Was this part of his “lighten up” campaign?
“Sit down again,” he said, refilling her glass.
“Do I have to laugh?” She took a sip. The wine slid down her throat, smooth and full bodied.
“In Dakar, a steamroller operator’s at work flattening the dirt for the highway. He is injured. His friend goes to visit him in the hospital. ‘What room’s my friend in?’ he asks the nurse. ‘Rooms 15, 16, and 17.’”
Aimée grinned dutifully but she didn’t find his joke very amusing.
“OK, I tried,” he said.
She hoped he wasn’t going to pull out some cowrie-shell game to teach her.
“Now it’s your turn.”
Jokes . . . she didn’t know any clean enough, or politically correct enough, for a documentary filmmaker.
She pointed to the tattoo of a lizard on his arm. “Nice. From Africa?”
“Marseilles, on the dock. Young, dumb, and drunk,” he said. He ran his hand up her arm. “Do you have any tattoos?”
She averted her face, blushing.
“Look at me.” He grinned. “You do!”
She couldn’t lie before that intense dark gaze.
“A Marquesan lizard,” she said, “the symbol of change, with the sacred tortoise inside.”
“Et donc, didn’t I say we were the same? Both branded with lizards. Show me.”
She took another sip of wine, shook her head, and stared at the tribal rug under her feet.
“From Marseilles, too?”
“It’s a secret,” she said, loath to admit that she had once had to hide from a flic in a Sentier tattoo parlor and wound up with one.
When she looked up, his face was almost touching hers, so close his eyelashes feathered her cheek. “We all have secrets,” he breathed in her ear.
His finger traced her mouth. Soft and warm. The only sound in that moment was the patter of rain on the glass roof over the courtyard. She inhaled his sandalwood scent, stronger now, engulfing her.
A tentative look shone in his dark eyes. “What’s in your mind right now?”
Her fingers explored his shoulders. “You really want to know?” The wine was talking, she couldn’t believe she’d said that.
Then his arm was around her waist.
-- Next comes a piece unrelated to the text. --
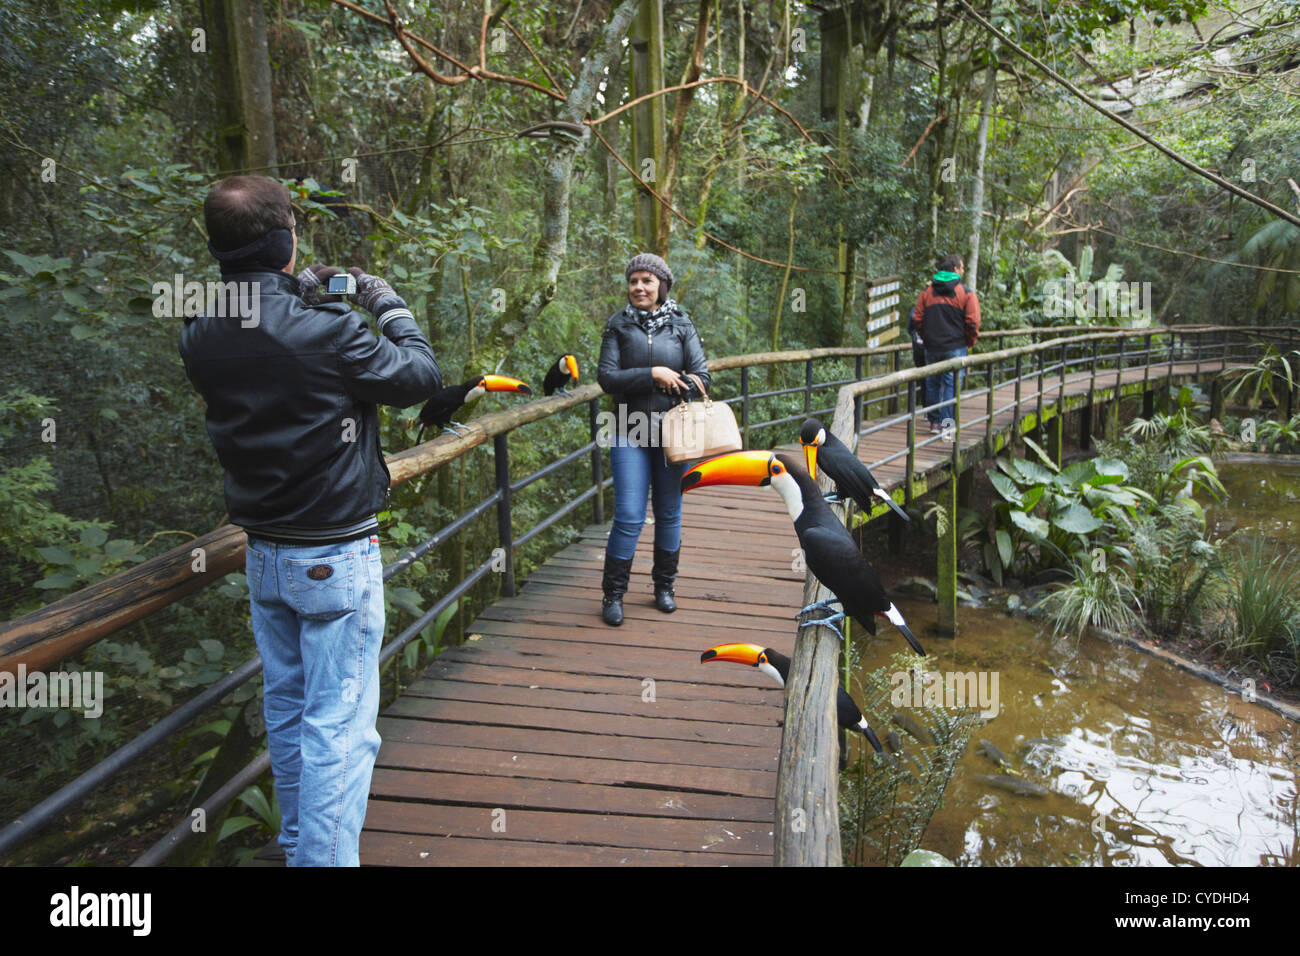 Les personnes prenant photo de toucans à Parque das Aves (Parc des Oiseaux), Iguacu, Parana, Brésil Banque D'Images

His hand dropped to the small of her back.
“I know what’s in mine,” he said.
His hair brushed her chin, his warm lips finding her neck.
“Time to see your lizard.” His arms were tightened around her, pulling her toward him. His mouth was on hers, tasting it.
“Then you’ll have to find it.”
Wednesday Afternoon
KRZYSZTOF SENSED THE presence of the plainclothes flic leaning against the scuffed wainscoting of the engineering lecture hall before he recognized him. He’d noticed the man shifting from one foot to the other in his fresh white Nikes. It was the same flic who had showed him Orla’s body in the morgue. He turned on his heel, suppressed a shudder, and merged with a laughing group of Sorbonne students heading out of the hall.
Brigitte had turned him in. And the flics had lost no time in tracing him here. He had to move fast, to get away. He broke from the group by the reception desk, eased down a passage toward a sign saying ÉLECTRICITÉ BUREAU, and opened the door. Inside, he balled up his sweatshirt jacket, pulled a brown ribbed sweater from his backpack, and put it on. Then he studied the diagram on the wall that showed the exits from the building in case of fire.